There was a good harvest in West Africa, where 75 percent of the world’s cocoa comes from, and growth in demand has slowed due to the global economy, so the pressure is off for the moment. However, much of the growth in production has come from forest clearing rather than improved productivity. About 90 percent of West African farmers are illiterate, and most live on less than $2 a day, suffer poor health and are in their mid-50s. If we want to keep enjoying chocolate, we are going to have to make cocoa farming more attractive and rewarding.

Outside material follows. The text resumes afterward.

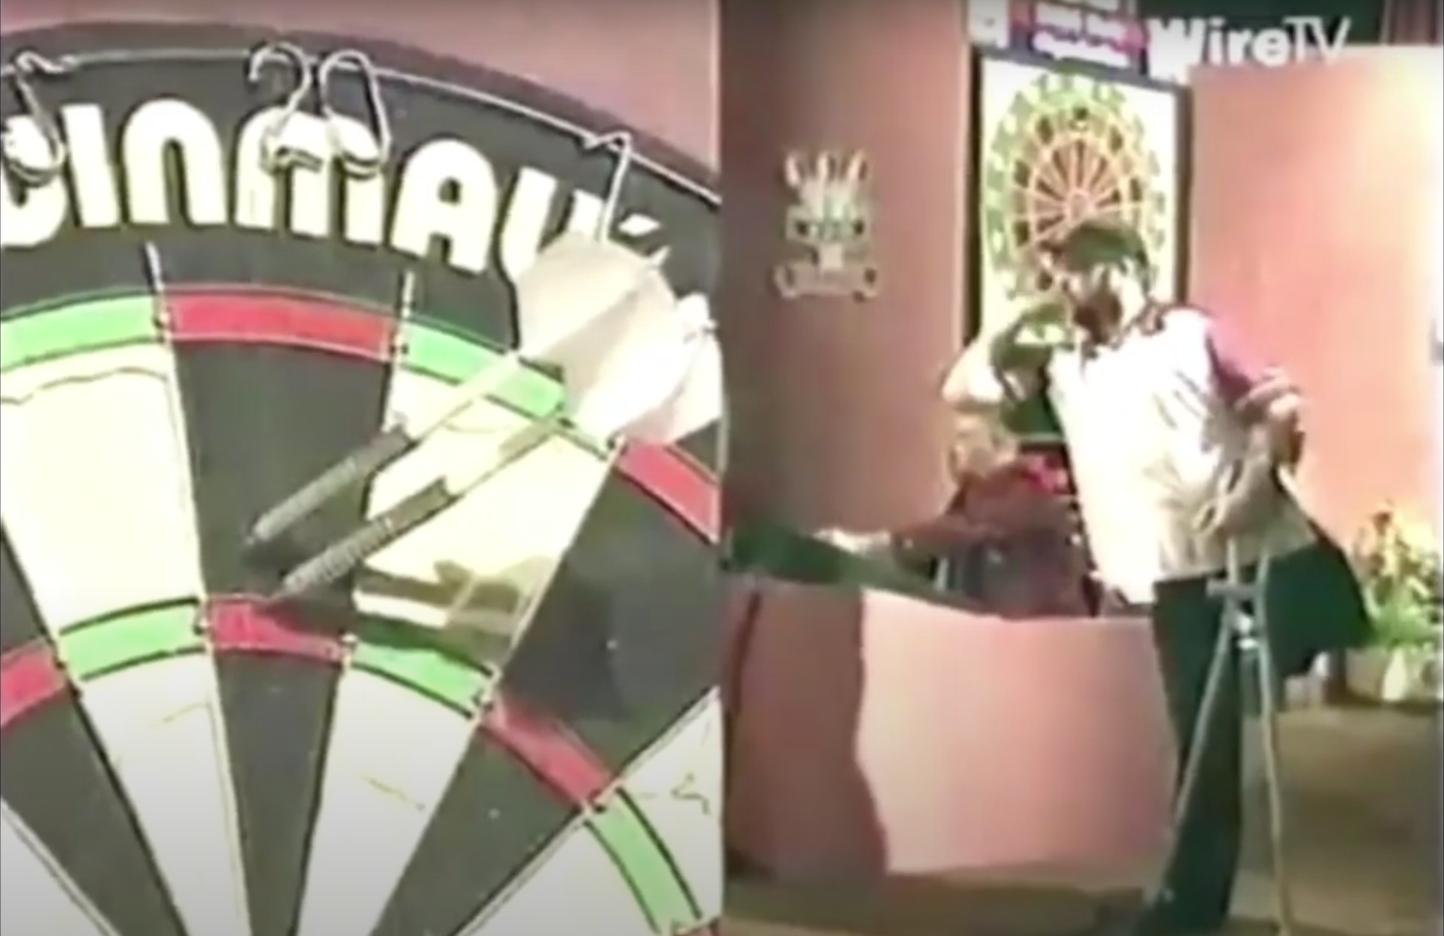 VIDEO: One-legged Darts Player Alan Chaffey Beats World Number 1

What are you passionate about outside the lecture theatre?  

My partner and family, meeting farmers around the world, the Australian bush, music, wine (Heathcote Shiraz) and food (yes, dark chocolate), cricket, the Western Bulldogs, epistemological anarchy and aiming to be useful and happy.

What books are you reading at the moment?  

I just finished 'Mentored by a Madman: the William Burroughs Experiment' by AJ Lees, a fantastic book about a neurologist’s career that crossed the boundaries of conventional science. I’m now reading 'Born to Run', Bruce Springsteen’s surprisingly honest and insightful autobiography.

What is the best piece of career advice you have been given, and why?

Follow your passion. When I was younger, my career advisers at school kept pushing me towards law and medicine for what seemed all the wrong reasons. Follow your dreams, be patient and be confident that good things will happen, often involving curiosity and altamirage.